В мозгу плетется плетение мнений:
- Начинать и не кончать. Проектуваты и не завершать. Тратить уйму усилий, напрягать безмерно мышцы, возводить напряжение мышц к катастрофе срыва и не достигать.
Когда эта тема волновала Гоголя. Образы и цитаты из произведений Гоголя предстают передо мной.
Трамвай проходит белые корпуса богоугодное заведение. Не здесь сто лет назад урядував гоголевский Земляника? Сегодня, спустя сто лет, Гоголь все еще перечитывается как современник.
Во мне просыпается чувство условности времени. Время опрозорюеться. Устраняется сопротивление времени. Сдвигаются события. Поступки и люди, изображены Гоголем, теряют свою связь со временем.
Я чувствую внутреннюю тревогу. Ужас, как у человека, стоящего на краю бездны, охватывает меня. Холодок пробегает по спине. Стынет похолодевшие концы пальцев, лежащих неподвижно, охватывая граненый столбик, нагретый солнцем. Я думаю:
- За революции расстреливали класса. Или не надо было расстреливать псиxологию? ..
Ремарка Автора.
Ростислав Михайлович полемизирует. Он спорит. Он рассуждает о гоголевскую тему в современности, о том, что современность вклинивается в Гоголя.

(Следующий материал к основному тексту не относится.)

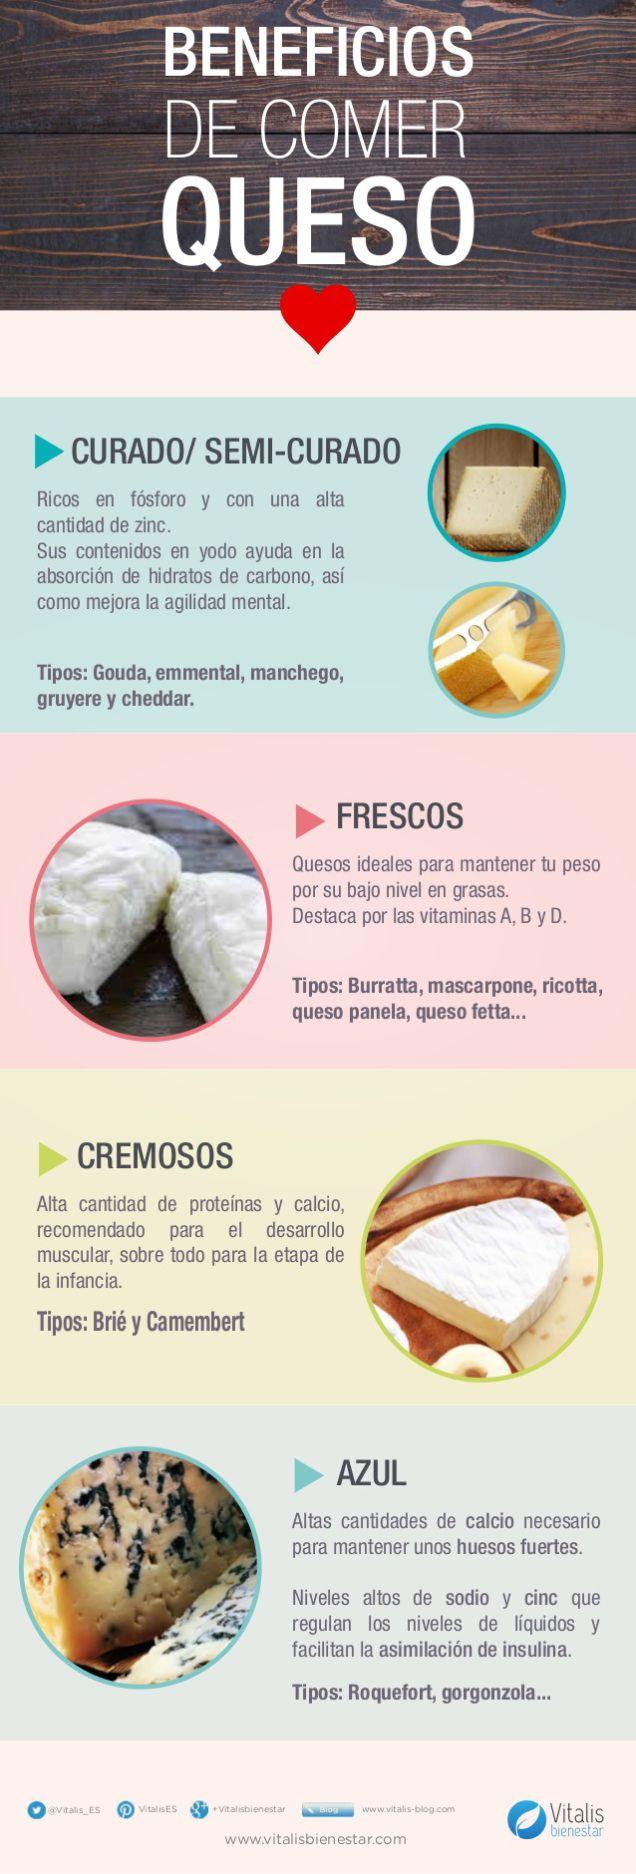 Beneficios De Comer Queso Infografia Infographic Health

Он упоминает о уступы из Гоголя, о водяная мельница в имении Ноздрев, не работал только из-за нехватки мелочи, потому что «недоставало порхлицы, в которую утверждается верхний камень, быстро вращающийся на веретено. речь идет о Манилов: «В доме его вечно чего-нибудь недоставало: в гостинной стояла прекрасная мебель, обтянутая щегольской Шелковое материей, которая стоило весьма недешево; но на два кресла ее недостало, и кресла стояли обтянуты просто рогожей, впрочем хозяин в продолжение нескольких лет всякий раз предостерегал своего гостя словами: "Не садитесь на эти кресла, они еще не готовы! " В иной комнате и вовсе не было мебели, хотя и было говорено в первые дни после женитьбы: "душенька, нужно будет завтра похлопотать, Чтобы в эту комнату хоть на время поставить мебель! " Вечером подавался на стол очень щегольской Подсвечник из темноте бронзы с тремя античнымы грация, с перламутровым щитком, а рядом с ним ставился какой-то просто Медный инвалид, Хромой, свернувшись в сторону и весь в сале, хотя этого не замечали ни хозяин, ни хозяйка , ни слуги.
Примеры могут быть увеличены, цитаты умноженные. Представление, что представлялись внутренним взором Ростислава Михайловича, беглые и неустановившиеся, - уточненные.Однако беглое перестало бы быть тогда таким, мысль, которая промелькнула лишь мимоходом, приобрела бы кристаллизации, чего однако в существе не было.
Для Автора мало вес определить круг зрительных впечатлений, идей и мыслей, сквозь которые прошел в очередной последовательности его герой во время своего путешествия: незаконченный дом Музея, неосуществленный Проект величайшего Собора в мире, упоминание о Недоделанный мельница в имении гоголевского героя, о креслах оставленные необбитимы , недомебльовани номера, роскошные канделябры и вместе медный, никогда не очищенный подсвечник, на что не обращали внимания ни хозяин, ни хозяйка, ни служба.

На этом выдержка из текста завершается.